選挙の投票がより便利になりそうだ。投票日の前に1票を投じる「期日前投票」を早朝や夜遅くにできるようにし、通勤通学や帰宅の際に立ち寄りやすくする。選挙当日も住む市区町村内なら投票所を自由に選べるようにする。若者や働く世代の投票率が低迷していることから投票に行きやすい環境を整える。
総務省の有識者検討会が27日、投票環境の向上策の中間報告をまとめた。総務省は公職選挙法の改正作業に入り、早ければ来年夏の参院選からの導入をめざす。
期日前投票は2003年に導入され、最近はターミナル駅やショッピングセンターなど利便性の高い施設に置く自治体が増えている。14年衆院選では利用者が約1300万人を超え、投票者全体の4人に1人を占めた。

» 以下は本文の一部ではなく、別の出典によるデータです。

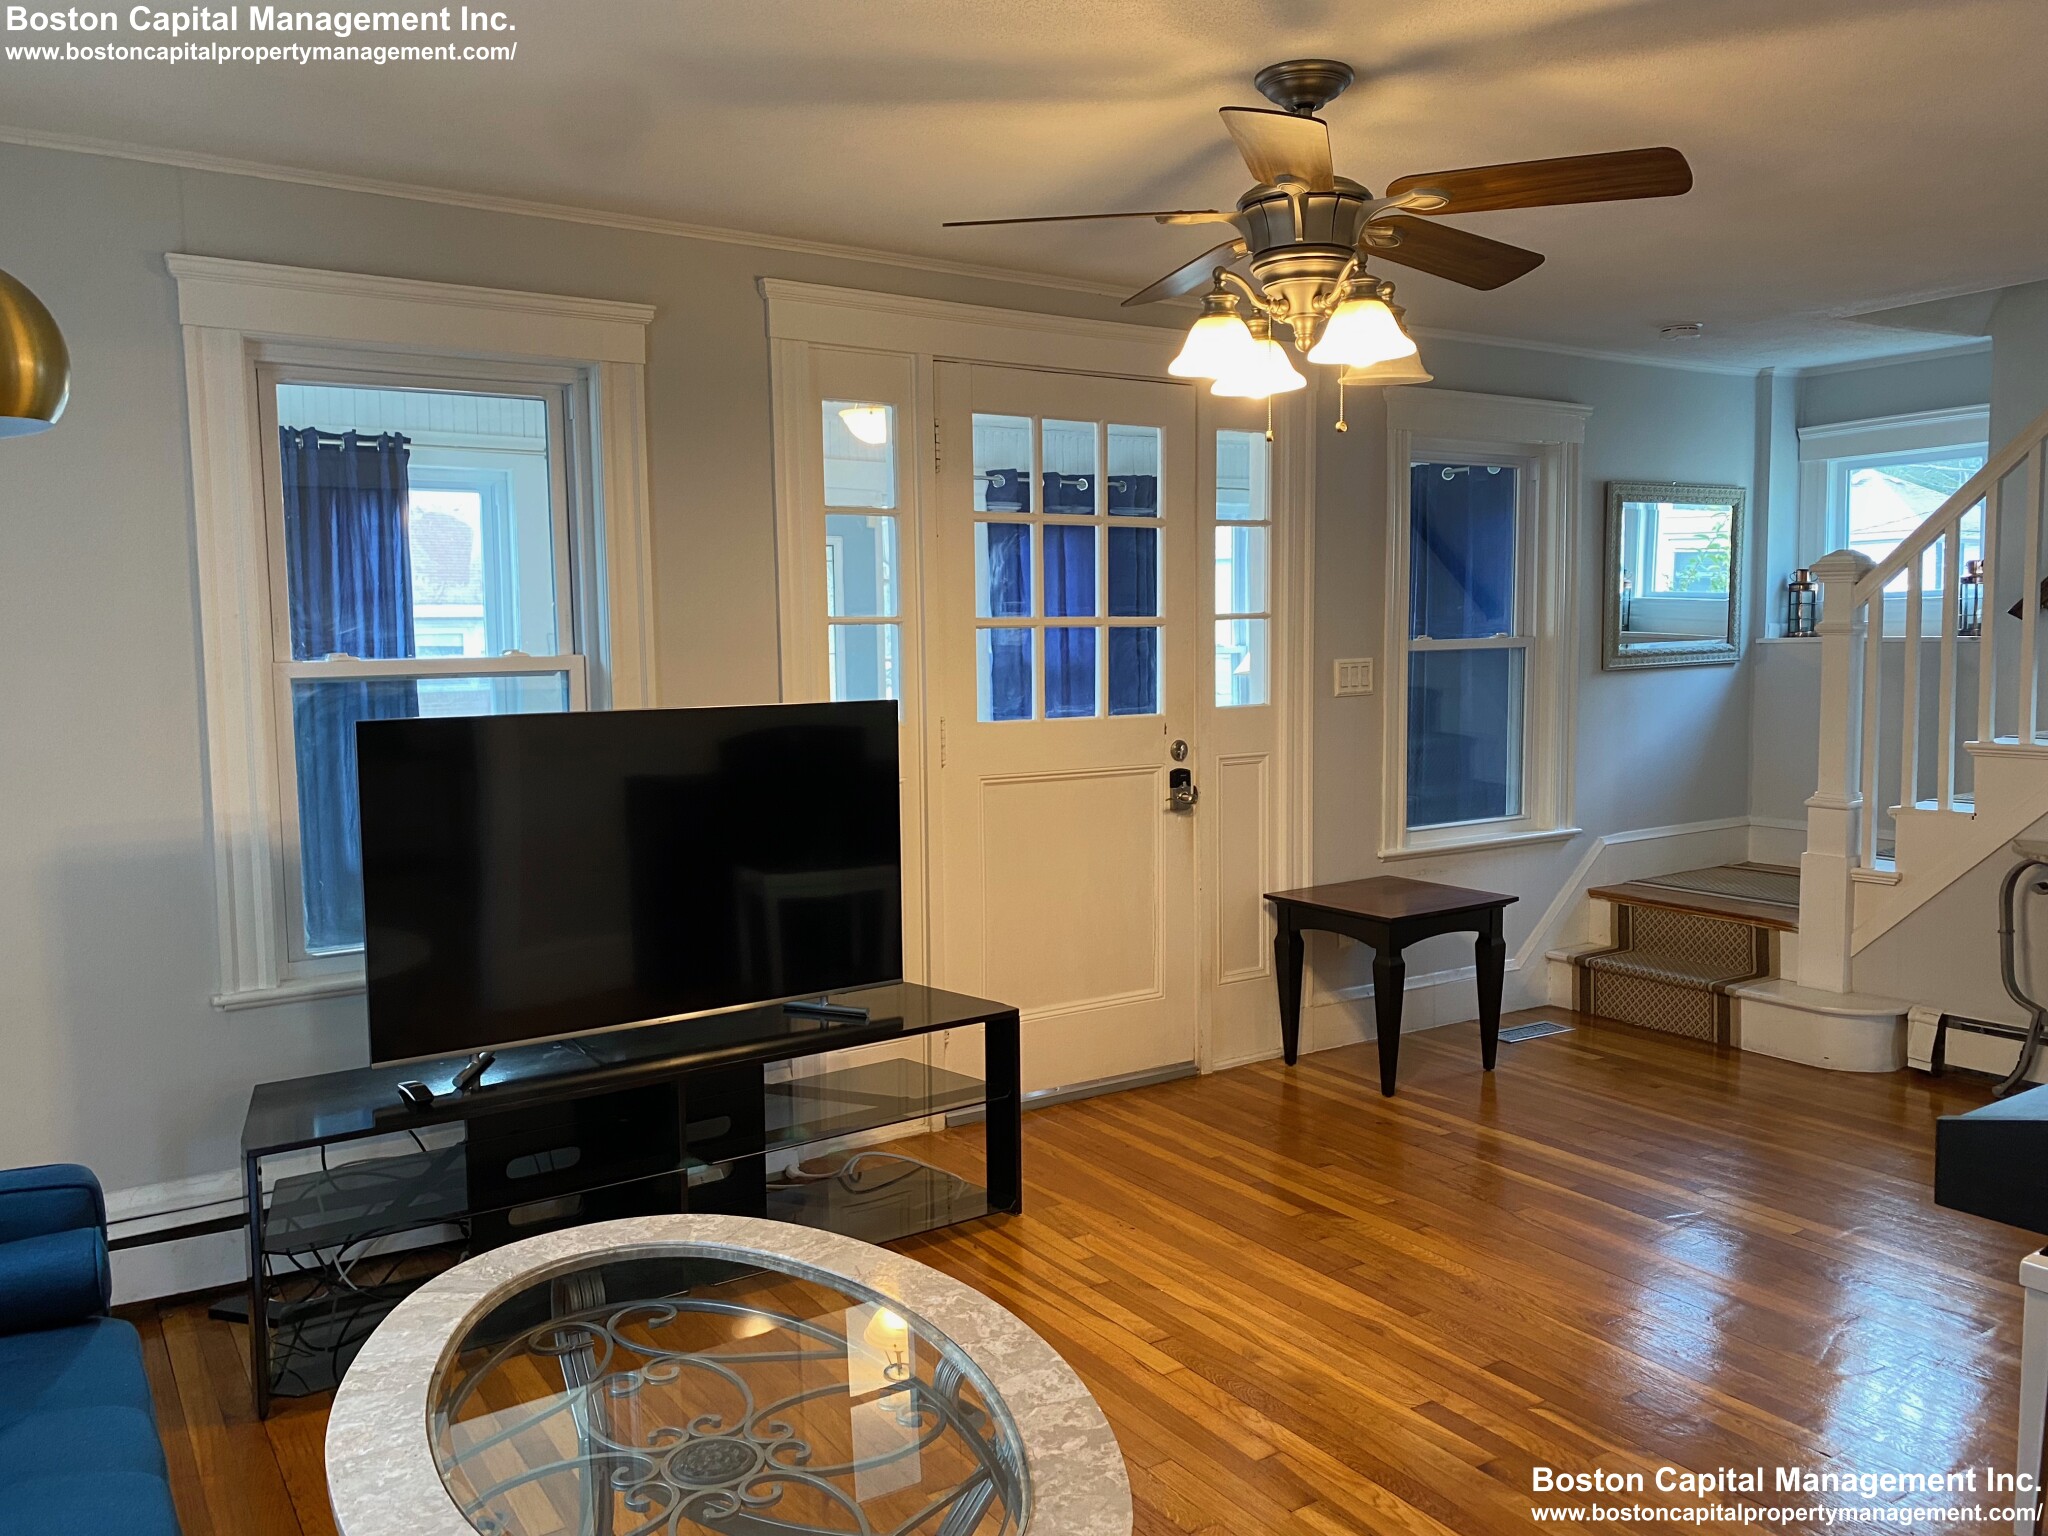 Photos of apartment on Bellvale St.,Malden MA 02148

ただ現在は開いている時間が午前8時30分から午後8時までの間に限られている。早朝の通勤時間帯に開いていなかったり、ショッピングセンターが夜10時まで営業しているのに期日前投票所が先に閉まってしまうなど使い勝手が悪い面もあった。改善策として投票時間を自治体の裁量で決められるようにする。
選挙当日も住んでいる市区町村内ならどの投票所でも投票できるようにする。今は「投票区」と呼ぶ区分けに従って学校などの公共施設を投票所としているが、場所によっては隣の地区の投票所の方が近い場合がある。
自治体は経費削減のため投票所の数を減らしている。投票所まで遠くなったことが投票率を下げる一因との指摘もあることから、投票場所を選べるようにして利便性を高める。
衆院選と同時に実施する最高裁判所裁判官の国民審査の期日前投票についても、衆院選の期日前投票と開始時期がずれているのを見直し、一緒に投票できるようにする。